Abstract digital artwork featuring smooth, overlapping curved shapes in shades of green and blue on a black background.

Kafka message size best practice

Table of contents

Factor House
May 10th, 2026
xx min read

Every Kafka cluster operates under a set of message-size constraints, and getting them wrong costs you in ways that are not always immediately obvious: silent replication stalls, infinite producer retry loops, page-cache eviction cascades, and hard architectural ceilings imposed by cloud providers. This guide covers the sizing targets that production operators at scale converge on, how the configuration chain works, and what to do when your use case genuinely requires large messages.

Best practice for Kafka message size

The production consensus, backed by what LinkedIn, Cloudflare, Netflix, and Uber have published about their own clusters, is to keep individual messages well under 1 MB. The Apache Kafka broker default of message.max.bytes = 1,048,588 bytes (1 MiB plus 12 bytes of overhead, aligned under KAFKA-4203 with the Java producer's max.request.size = 1,048,576) is the design point Kafka is optimised for. It is not a ceiling to design towards.

LinkedIn, which runs more than 100 clusters, 4,000 brokers, and 7 trillion messages per day, states this policy explicitly in their engineering blog: messages are capped at 1 MB, and anything that exceeds that is handled outside the standard message path using client-side fragmentation.

The practical sweet spot for most production workloads is significantly smaller. Public Kafka benchmarks from Aiven, Google Cloud, and LinkedIn typically use 100 bytes to 10 KB as representative message sizes. Confluent's canonical performance benchmark uses 1 KB messages.
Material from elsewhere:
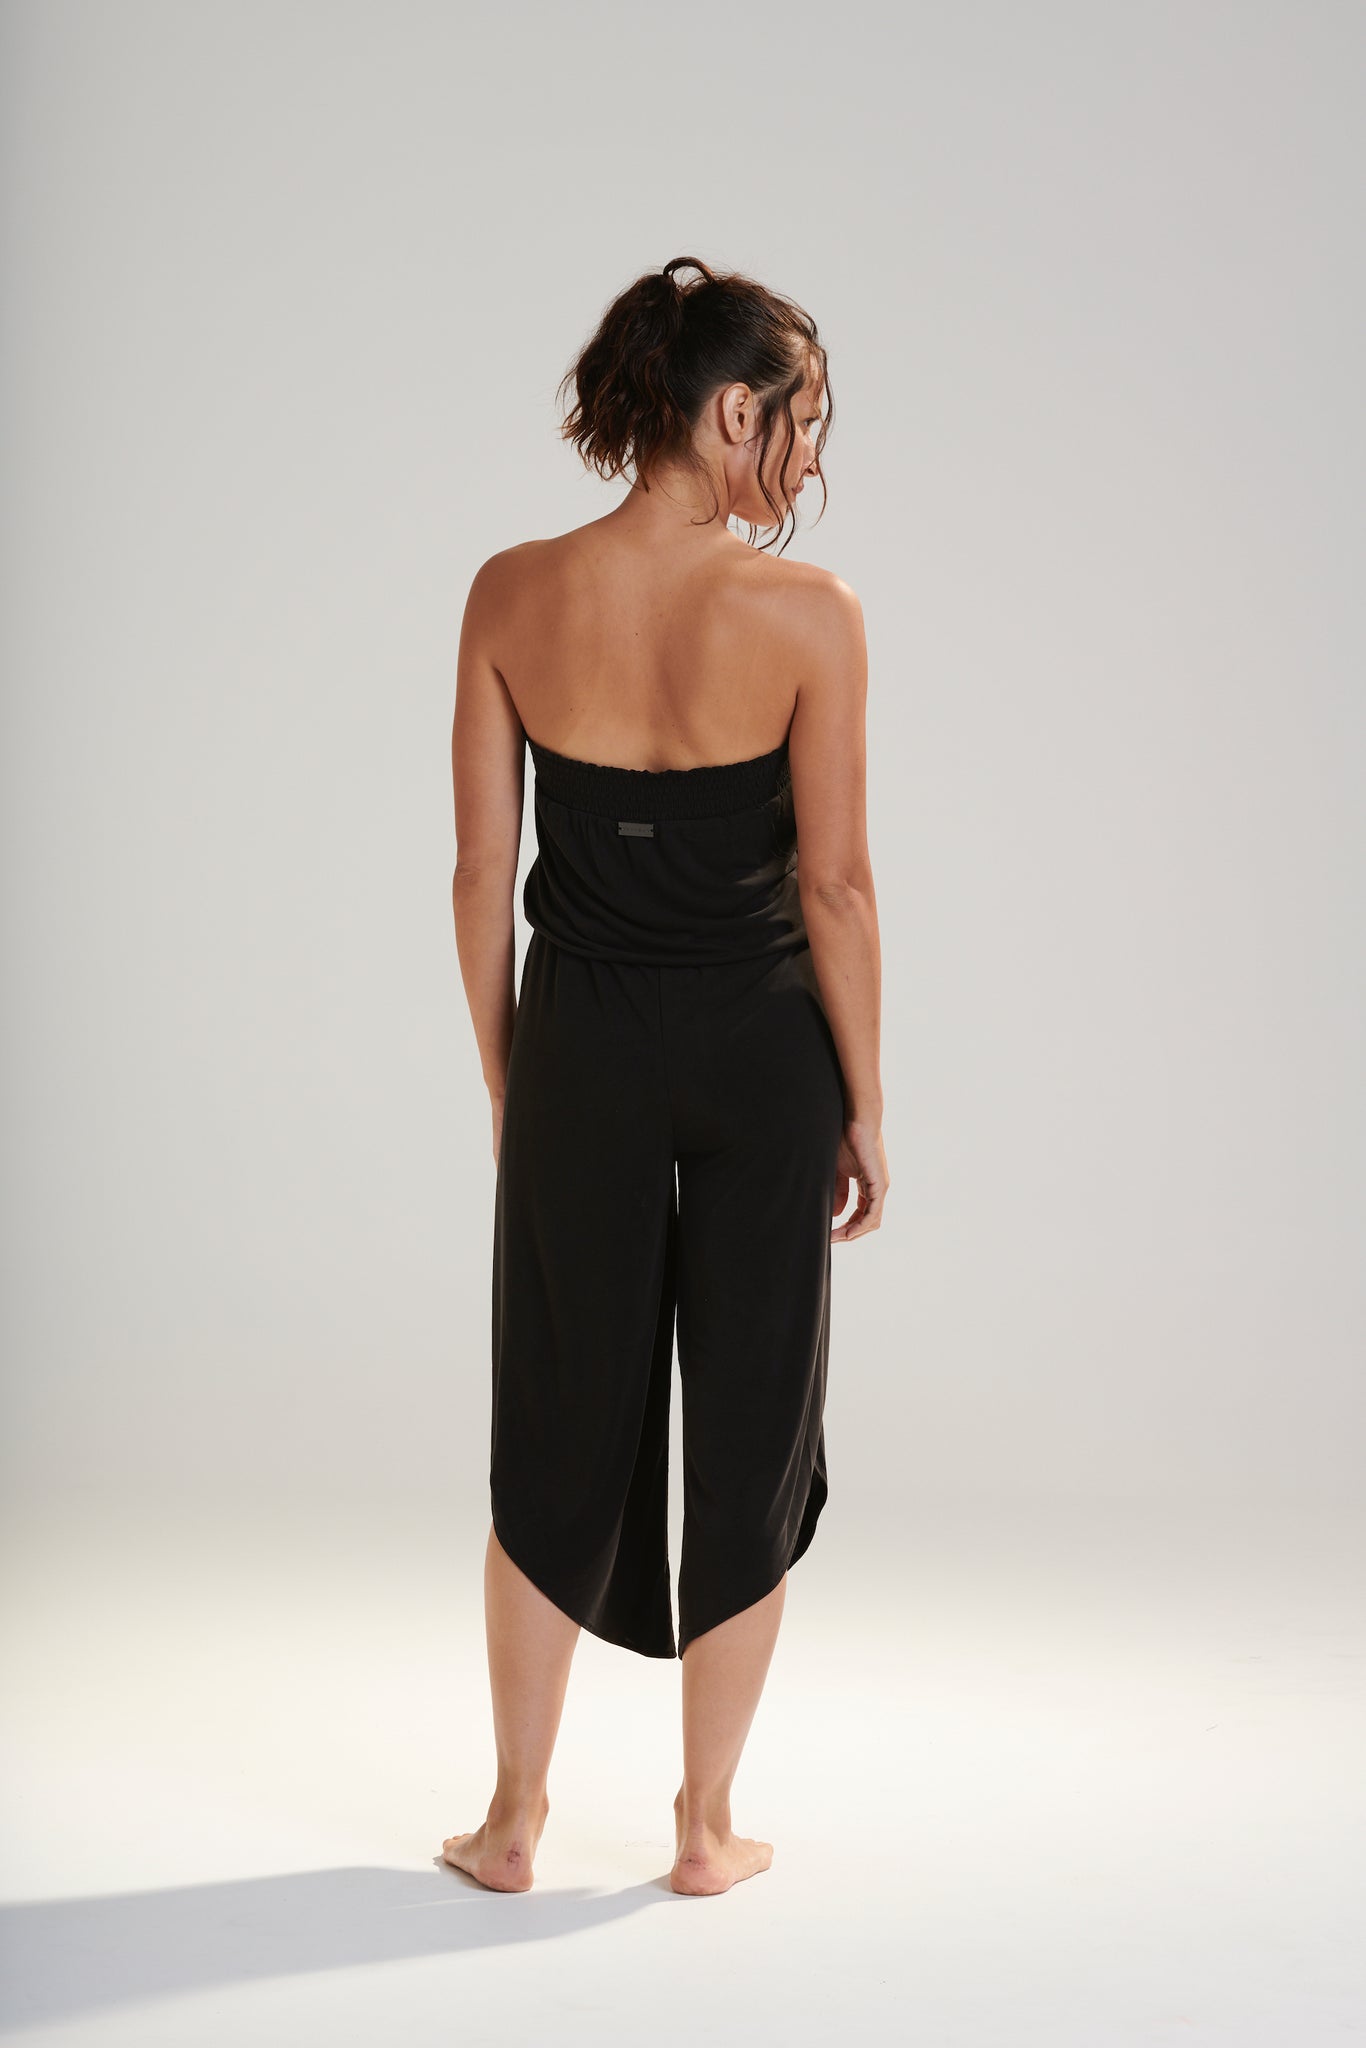 FREYA JUMPSUIT BEECHWOOD MODAL JERSEY SHIRRED BODICE AND PETAL WRAP LEG WITH ELASTIC WAIST AND REMOVABLE TIE IN DARK WASHED BLACK BACK VIEW

These numbers are not arbitrary: LinkedIn's 2014 benchmark noted that at 100-byte messages you saturate the network, making small records the harder case for a messaging system to optimise.

The 1 KB to 10 KB range is where Kafka's batching, compression, and zero-copy I/O work most efficiently together. Messages in this range can be batched densely, compressed effectively at the batch level, and served from page cache without displacing hot data.

Kafka message size limits

Broker defaults

The broker's message.max.bytes defaults to 1,048,588 bytes. This is the maximum size of a compressed record batch that the broker will accept. At the topic level, max.message.bytes overrides this per topic; the effective limit is whichever value is higher.

Cloud provider ceilings

If you are running on a managed Kafka service, the provider's hard limits constrain what you can configure:

Provider Ceiling
Apache Kafka (self-managed) 1 MB default; configurable upward
Confluent Cloud Basic / Standard 8 MB (8,388,608 bytes)
Confluent Cloud Dedicated 20 MB (20,971,520 bytes)
AWS MSK Serverless 8 MB; not user-configurable without a support case
Azure Event Hubs (Kafka API) 1 MB; no override

These ceilings are architectural constraints, not soft guidelines. A design that relies on messages larger than 1 MB is incompatible with Azure Event Hubs. A design that needs more than 8 MB is incompatible with both Confluent Cloud Basic/Standard and AWS MSK Serverless. Validate these limits against your managed service tier before settling on an approach.

Sizing tiers

The guidance from Confluent, Red Hat, Strimzi, and operator engineering blogs converges on five tiers:

Tier Size range Recommended approach
Ideal Less than 10 KB (typically 100 B – 10 KB) Default Kafka tuning. Batching and compression dominate. The benchmark sweet spot for most production workloads.
Acceptable 10 KB – 100 KB No configuration changes required. Tune batch.size to 64–128 KB and linger.ms to 10–20 ms to keep batches efficient.
Handle with care 100 KB – 1 MB Individual messages can saturate per-partition batches at default config. Increase batch.size to 256 KB or higher and ensure compression is enabled. Messages larger than batch.size are sent unbatched.
Avoid unless necessary 1 MB – 10 MB Requires raising all four configs in the producer/broker/consumer chain. Confluent's own documentation describes very large messages as an anti-pattern in Kafka. Run these workloads on a dedicated cluster if other topics have low-latency SLAs.
Do not use inline Over 10 MB Use the claim-check pattern (store payload in S3 or GCS; put a pointer in Kafka) or client-side chunking. Allocating a 1 GB JVM chunk per 1 GB message on both the client and broker is not operationally viable.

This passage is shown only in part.